- [Extracted entries]:
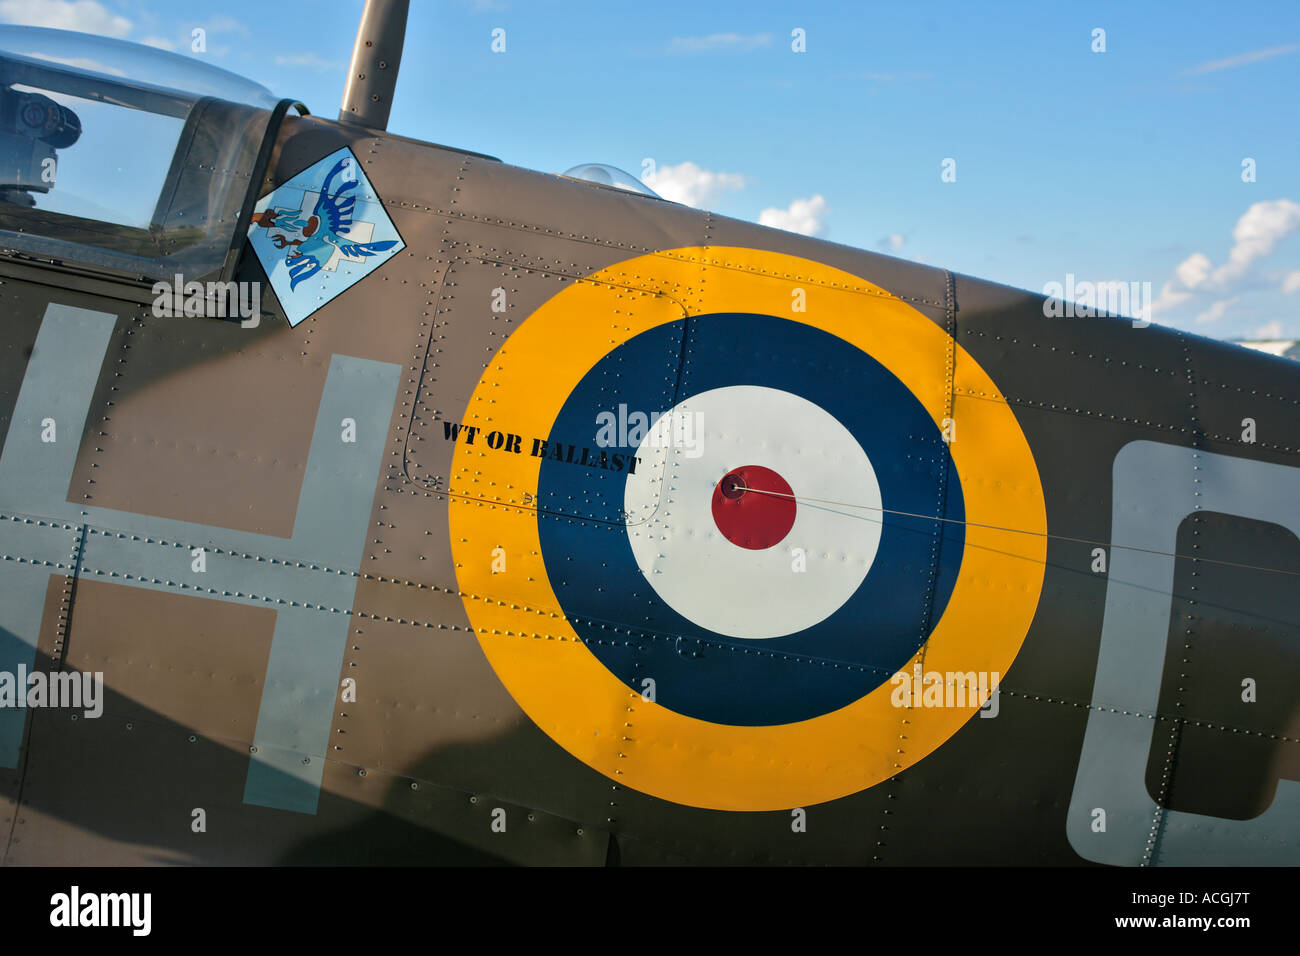 Détail montrant Spitfire Squadron RAF cocarde polonaise logo et wt ou signe de ballast Banque D'Images
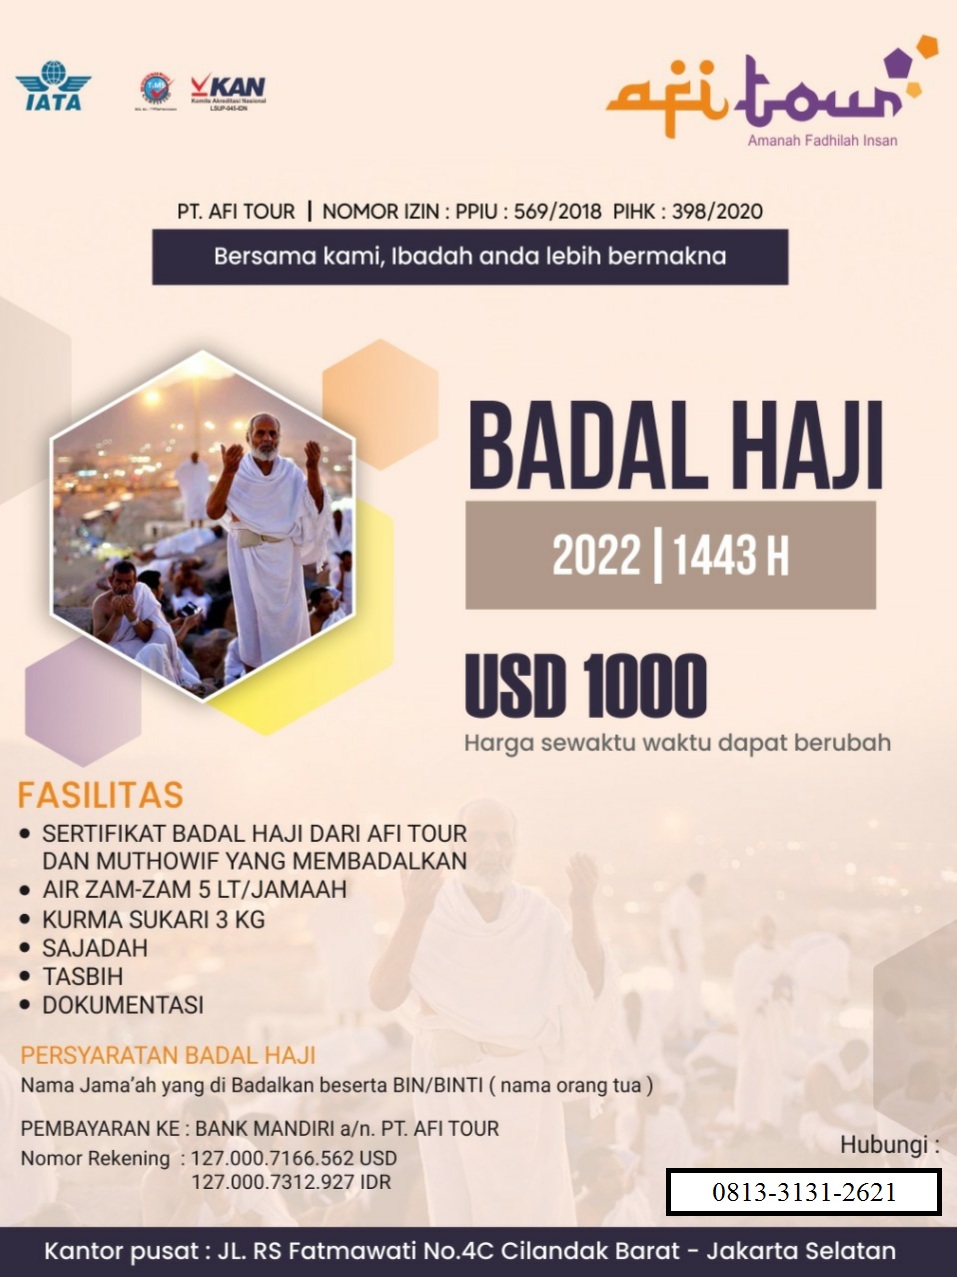 Badal Haji 2022 afitour
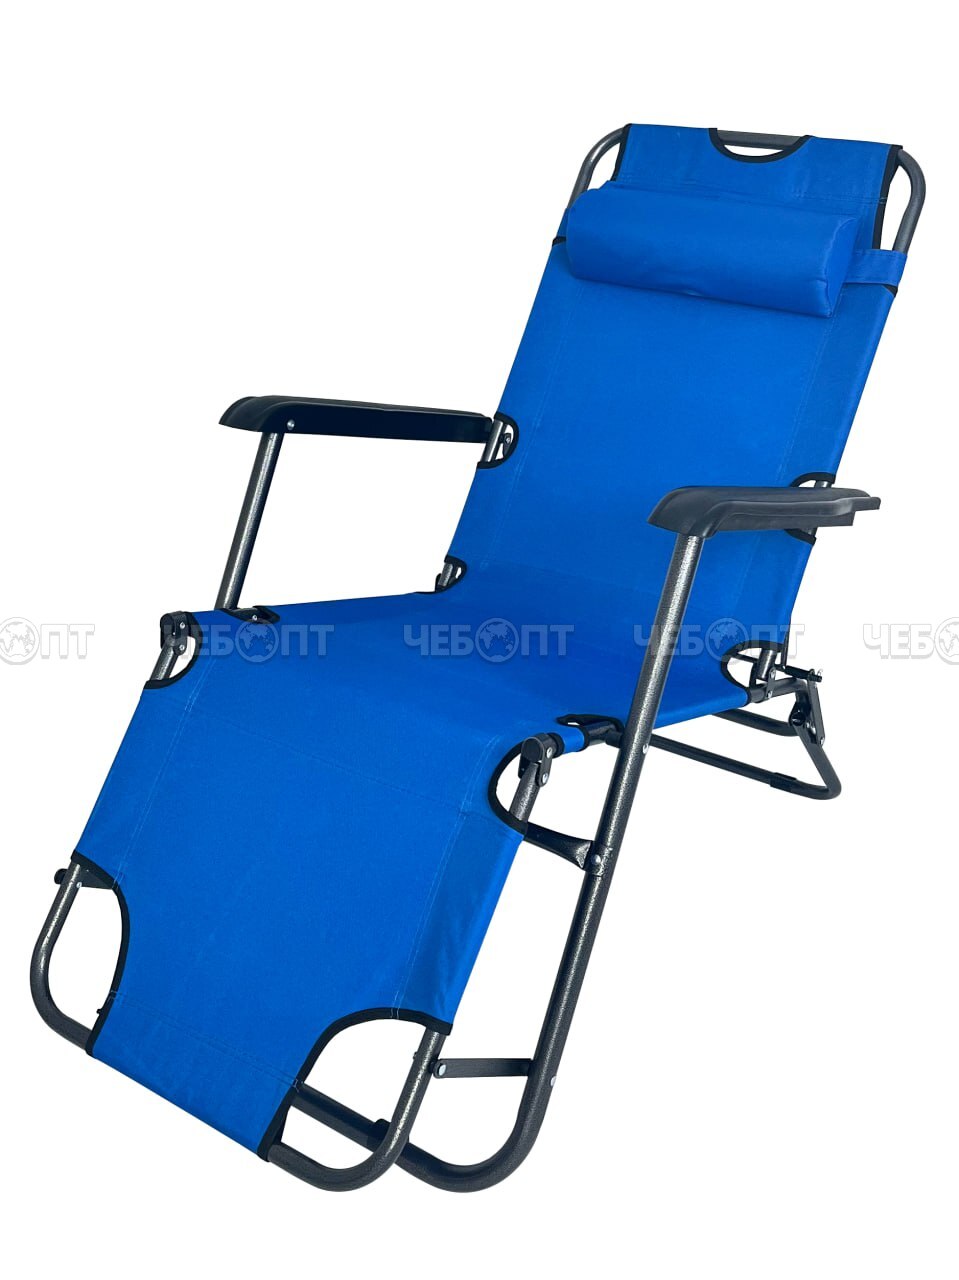 Кресло - шезлонг складное для дачи 1530*590 мм с подголовником, регулируемое, 8 положений (до положения лежа), до 100 кг арт. 290034 $ [4] GOODSEE. ЧЕБОПТ.
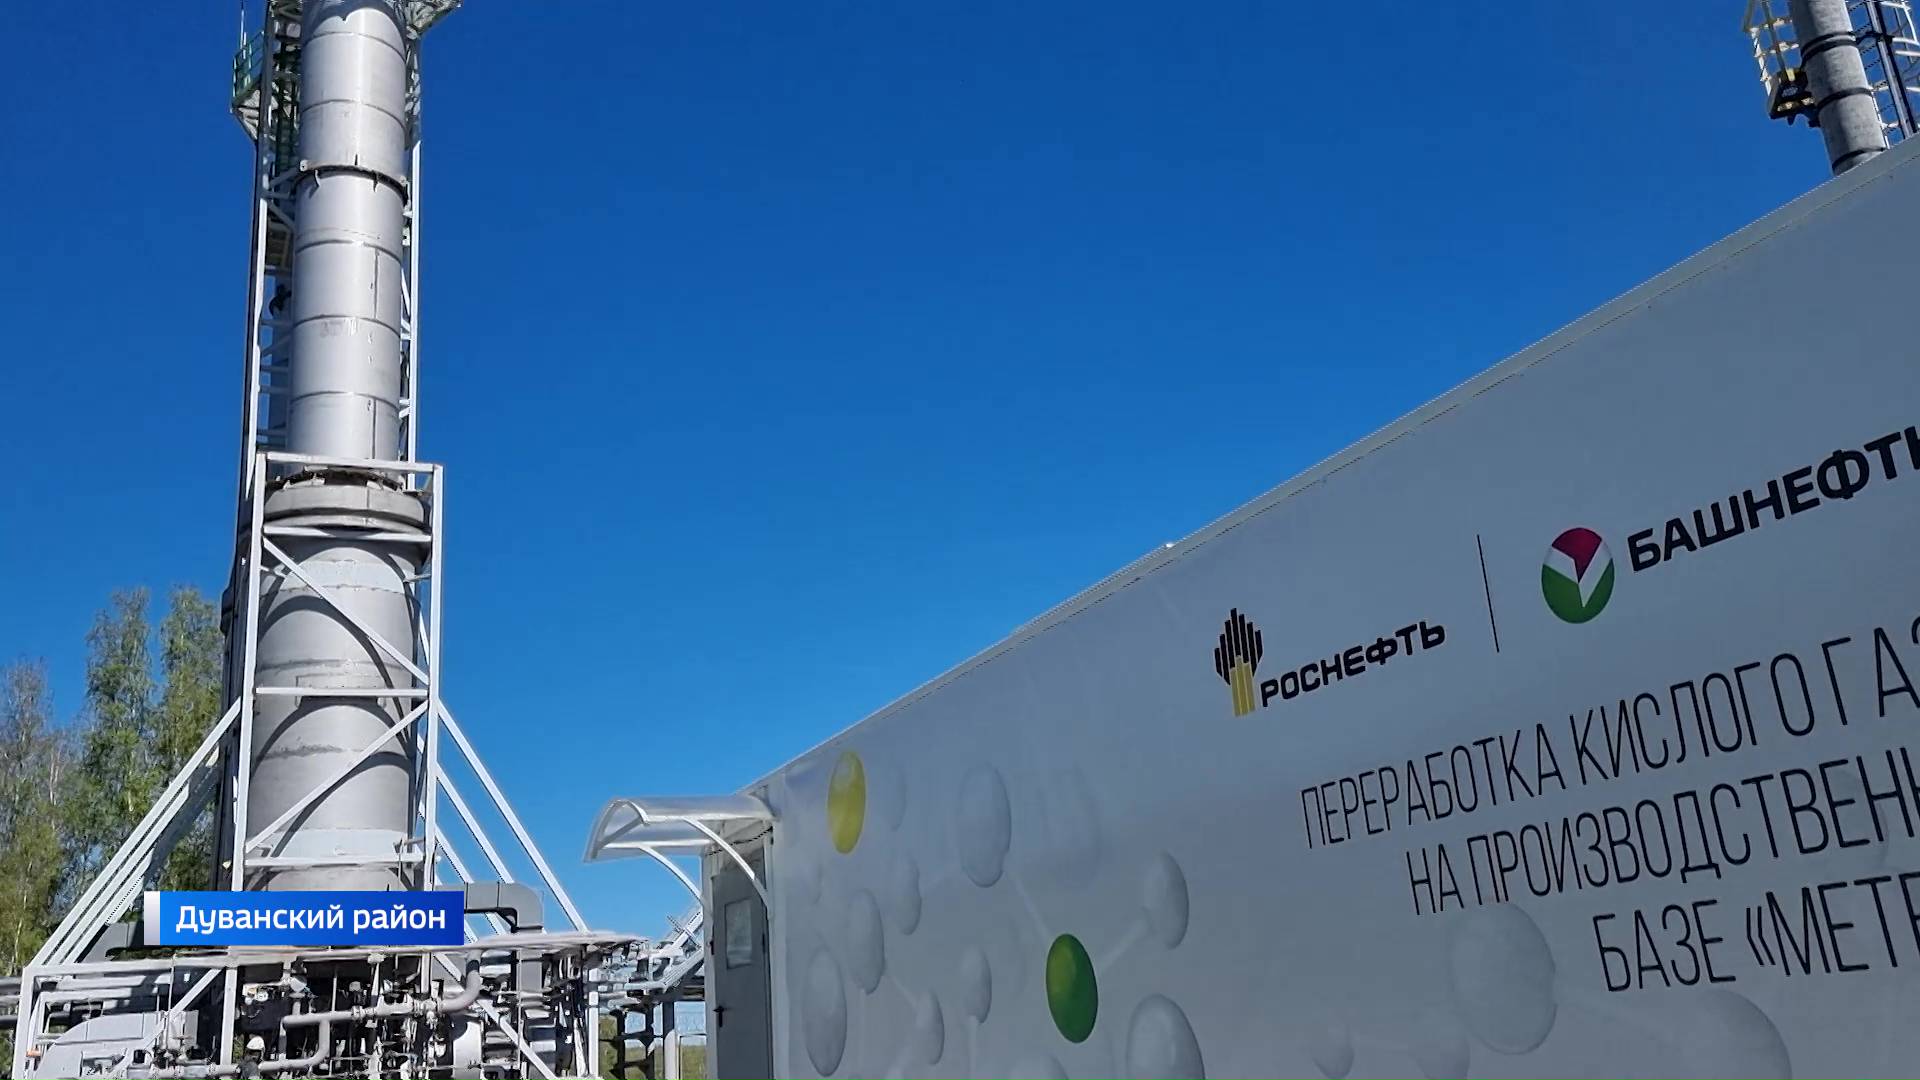 «Башнефть» запустила высокотехнологичную установку по переработке газа
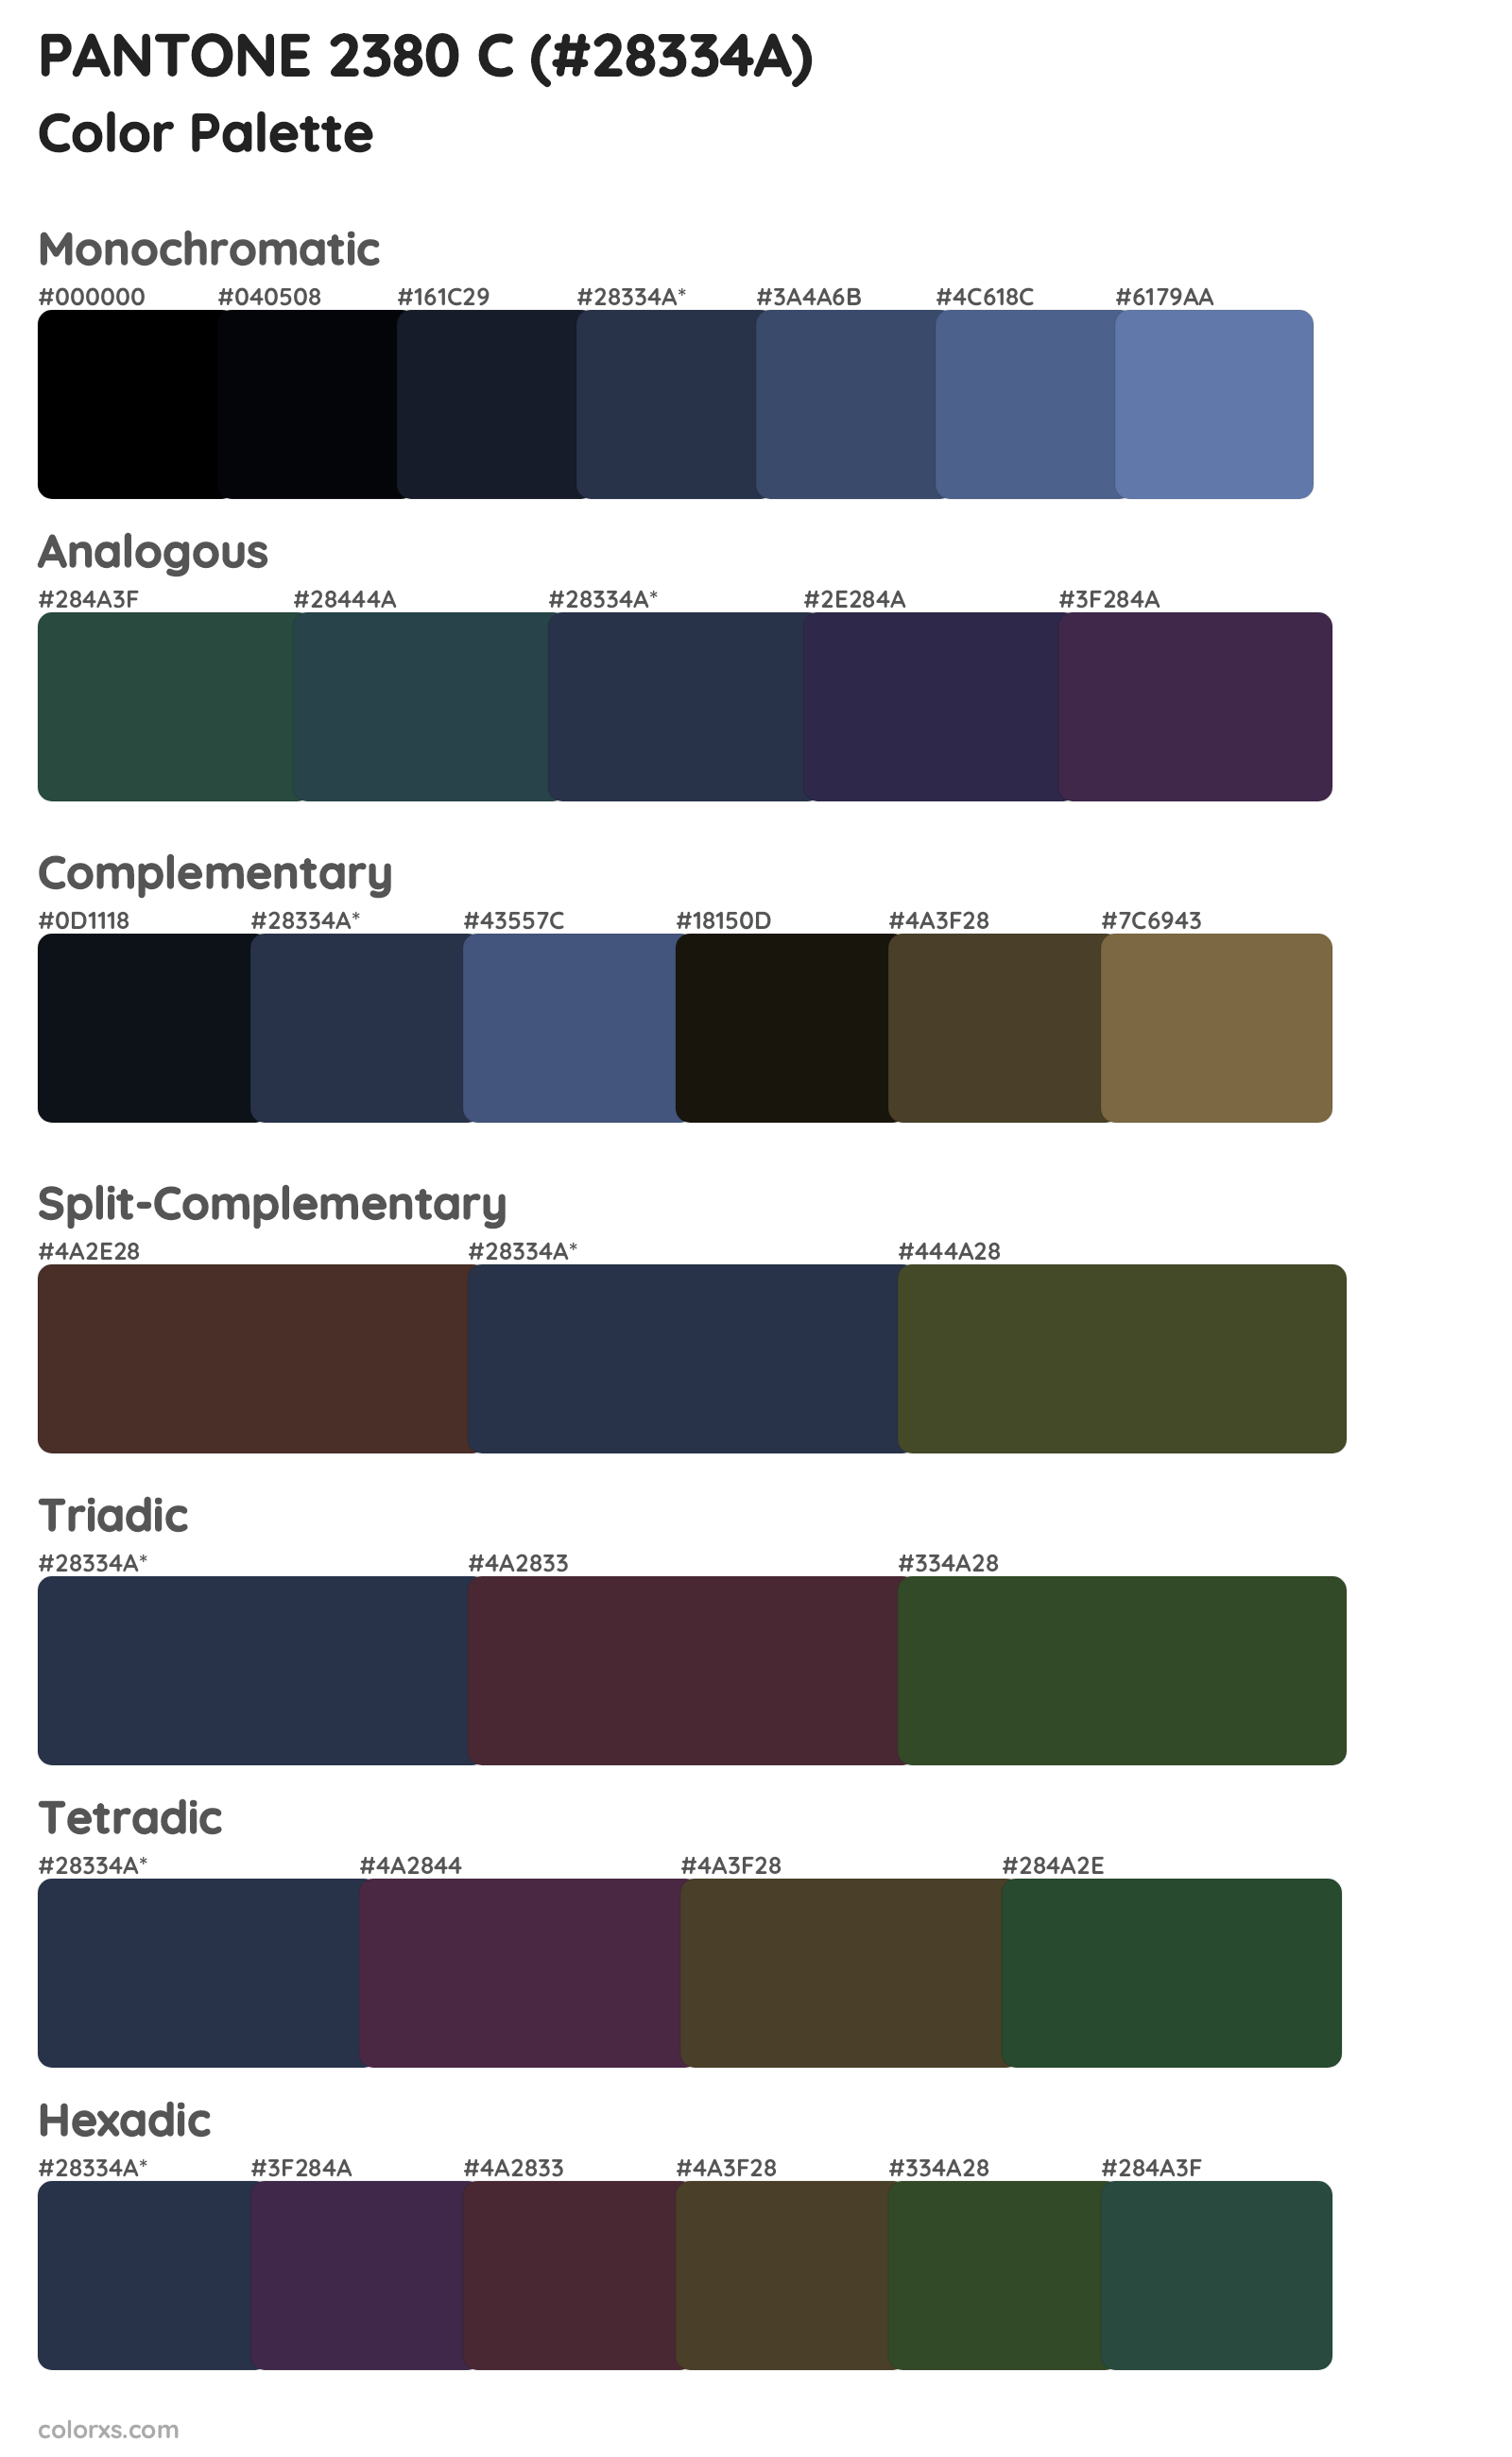 PANTONE 2380 C Color Scheme Palettes

- [Problem]: Skip the pictures and print exactly the lines from the one containing "Кресло - шезлонг" through the end of the records above.

- [Solution below]:
 Кресло - шезлонг складное для дачи 1530*590 мм с подголовником, регулируемое, 8 положений (до положения лежа), до 100 кг арт. 290034 $ [4] GOODSEE. ЧЕБОПТ.
 «Башнефть» запустила высокотехнологичную установку по переработке газа
 PANTONE 2380 C Color Scheme Palettes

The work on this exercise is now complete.